ML - Well it is different by the structure - we have a democratic structure, which means we have 6,000 elected officers and so we have elected officers in each caisse and those people get involved at the regional level up to the National level at the level of Desjardins Group and the Board of Directors. So that is one major difference because you have elected officers who have a say in what Desjardins Group will be doing in terms of growth, development and performance. So it means that there is a lot of communication, debate and discussions. We work by way of co-operation internally, so there is a lot of collaborative ways to manage this very large organization. The other major difference is that our performance is not just to provide solid financial performance: We have a mission and a vision that brings a sort of equilibrium between a solid financial performance but also making sure that we can serve and support our members, and support our employees and elected officers as well as being present in the communities. So it is a very broader kind of mandate, but when we are able to do that I think that the contribution to society is quite significant.

KM - At times it must be frustrating because at Royal Bank or at Quebecor you're the boss and you can say, "Here is where we are going to go" and most people will follow you, but in a co-operative movement you don't make those kinds of decisions.
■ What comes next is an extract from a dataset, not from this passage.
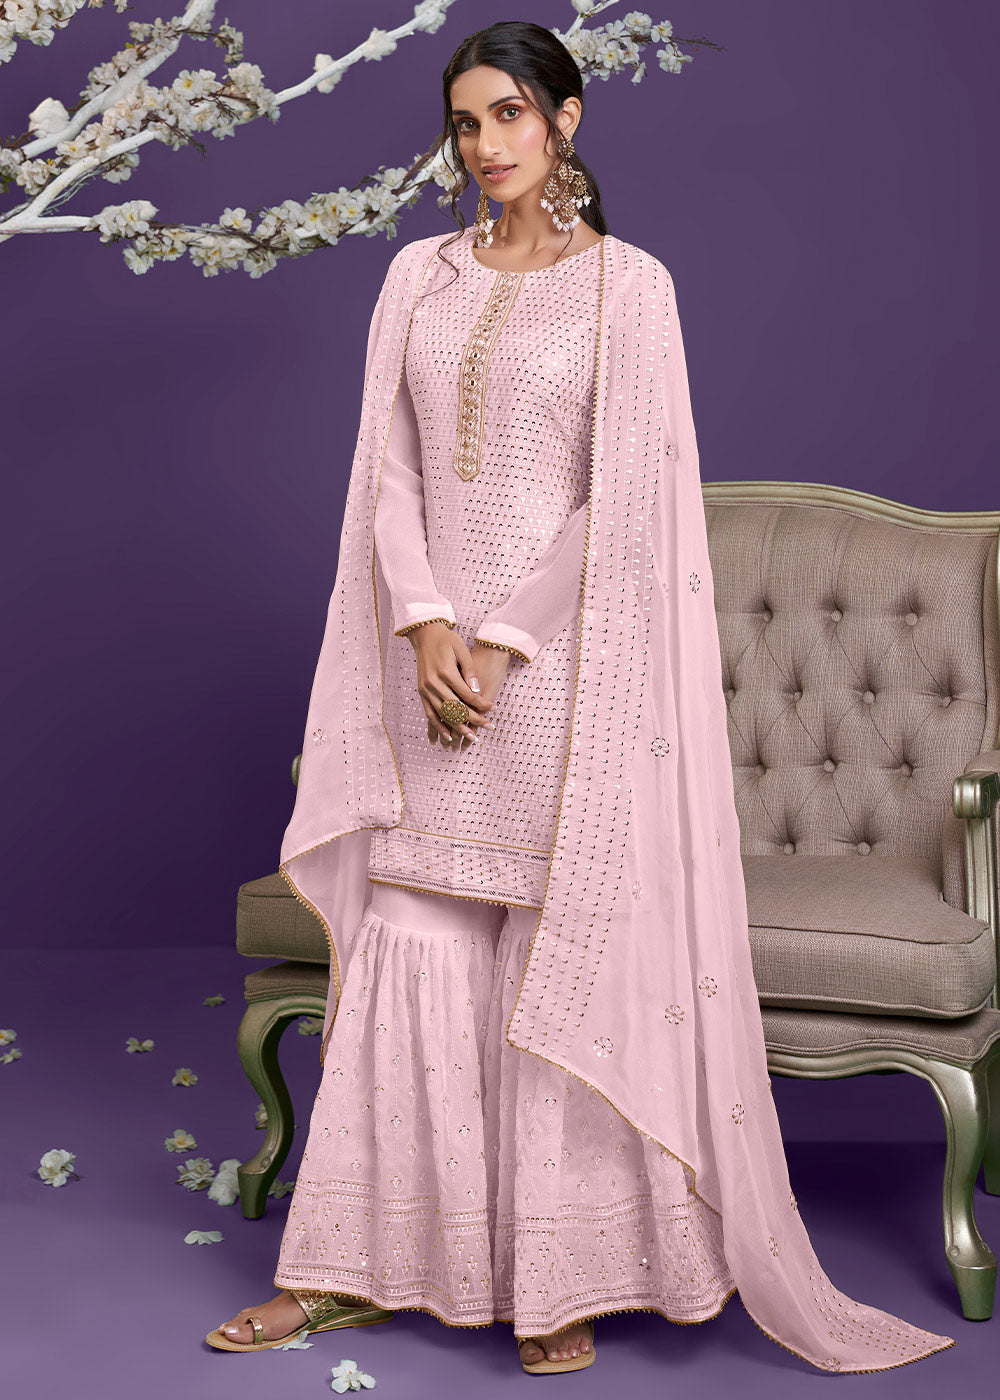 Lemonade Pink Georgette Sharara Suit with Thread, Sequins & Khatli work

ML - Not at all. I would say the structure is an inverse pyramid, which means you have the members and you have your elected officers on top of you so the relationship with the members, the clients and the owners is obviously very different. But I believe that, more and more, large organizations that will have success in the future will be able to manage differently. I do not believe in hierarchy, I don't believe that the top down way of managing is the best way to bring the best out of people in organizations. When you take the time to talk to people, get their feedback and communicate in a way that is reciprocal [then]you can get much more in terms of quality of decisions and when it is time to act on those decisions, the alignment is much stronger. So, at the end of the day, I think the model that we have, even though it is quite challenging to bring all of those people in the same direction, creates a lot of value and I think that is the way, maybe, to create sustainable prosperity.

KM - This has been Karl Moore of the Desautels Faculty of Management at McGill University, Talking Management for The Globe and Mail.